Also, group identity politics is a horrendous way to view the world. It perpetuates hatred, division, bigotry, bitterness, violence, revenge, close-mindedness and hypocrisy. During Utah’s last election cycle I was lectured by several “liberals” about how disproportionately white and male the positions of power are, particularly in congress. I responded, perhaps wrongfully by joining their group identity games, by pointing out that it’s possible that these positions were mostly filled by men due largely to the fact that power attracts megalomaniacs and megalomaniacs tend to be mostly men. I may have received some brownie points for dissing on men but they continued to insist that the reason for disproportionate representation was due to systemic sexism and racism. Distinctions of correlation and causality are lost on people infected with confirmation bias.
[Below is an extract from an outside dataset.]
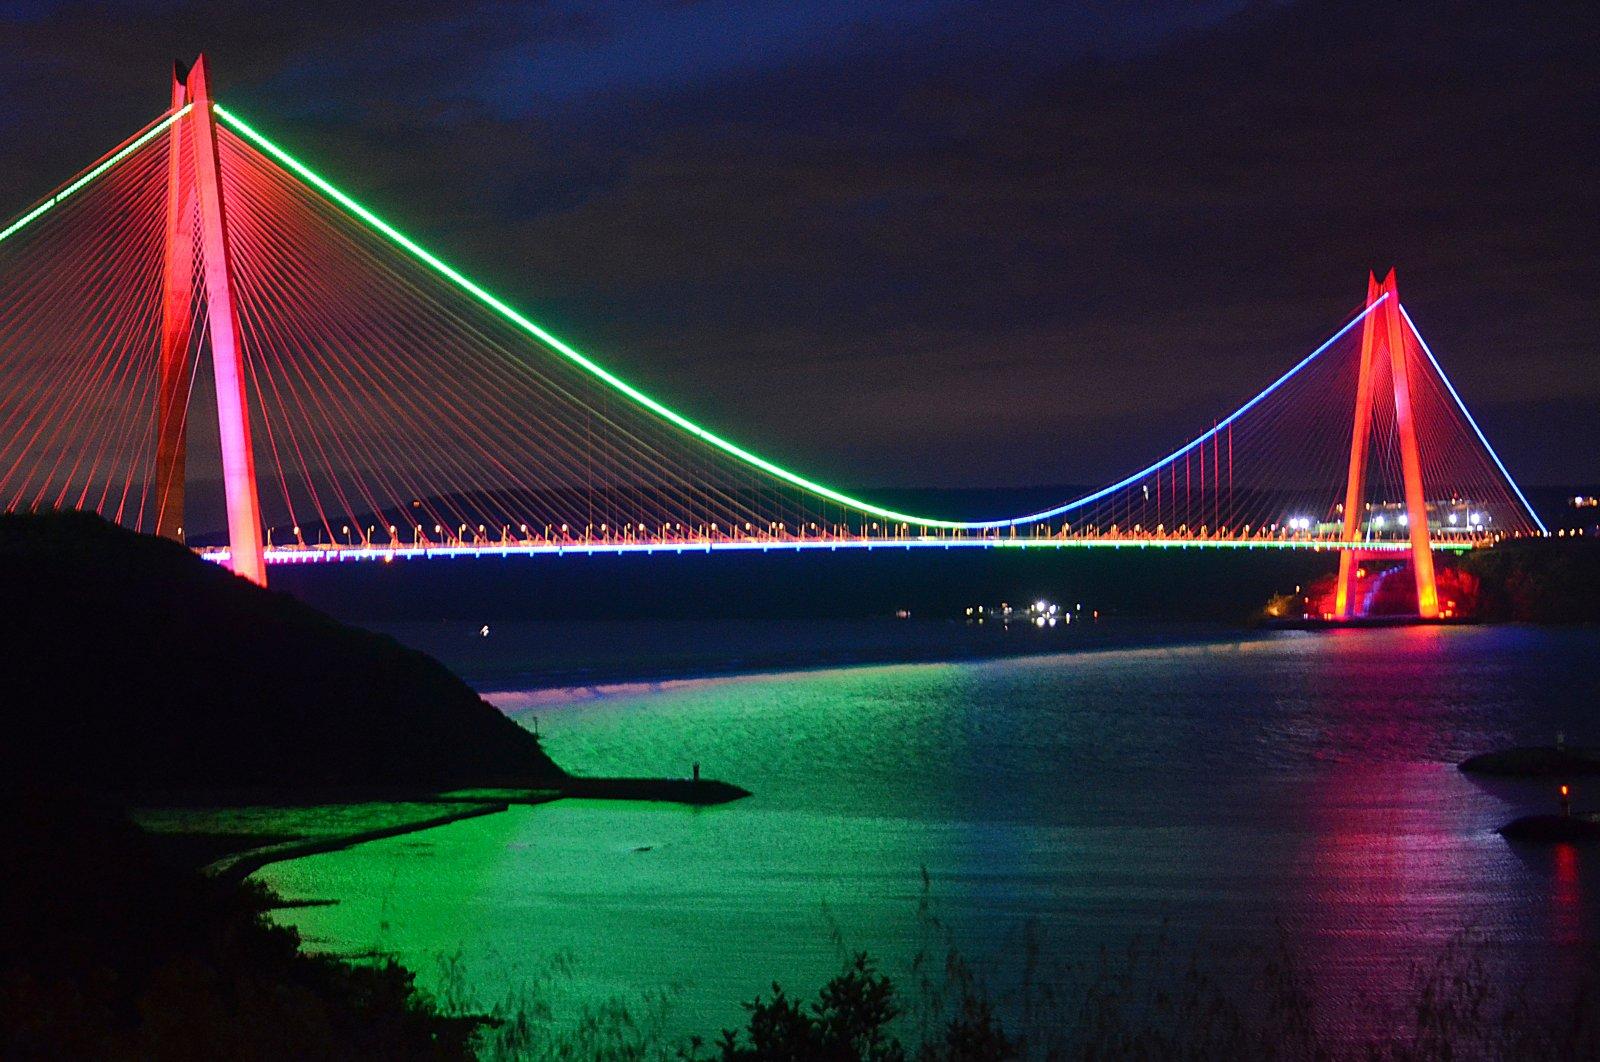 Istanbul's Yavuz Sultan Selim Bridge lit in colors of the Azerbaijani flag on May 28, 2020 (AA Photo)

Just after these conversations, their “principles” (if you can call them that) were put to the test.  An African American congresswoman in their district was challenged by a white, Christian male and guess who these “liberals” voted for? If they consistently applied the “principles” that they espoused then you would reasonably guess that they voted for the African American woman but you would be wrong. They voted for the “white, Christian male”. Why? That “white, Christian male” was also a “liberal”. The African American woman was not. In other words, many of today’s “liberals” don’t care about the things they outwardly profess as much as they do about their underlying ideology and crusade for power. As Malcom X pointed out decades ago, and as I’ve consistently observed from experience, minorities are just meat-shields for “liberal’s” quests for power: 

“The white liberal aren’t white people who are for independence, who are moral and ethical in their thinking. They are just a faction of white people that are jockeying for power…The liberal elements of whites are those who have perfected the art of selling themselves to the Negro as a friend of the Negro. Getting sympathy of the Negro, getting the allegiance of the Negro, and getting the mind of the Negro. Then the Negro sides with the white liberal, and the white liberal use the Negro against the white conservative. So that anything that the Negro does is never for his own good, never for his own advancement, never for his own progress, he’s only a pawn in the hands of the white liberal. The worst enemy that the Negro have is this white man that runs around here drooling at the mouth professing to love Negros, and calling himself a liberal, and it is following these white liberals that has perpetuated problems that Negros have.” 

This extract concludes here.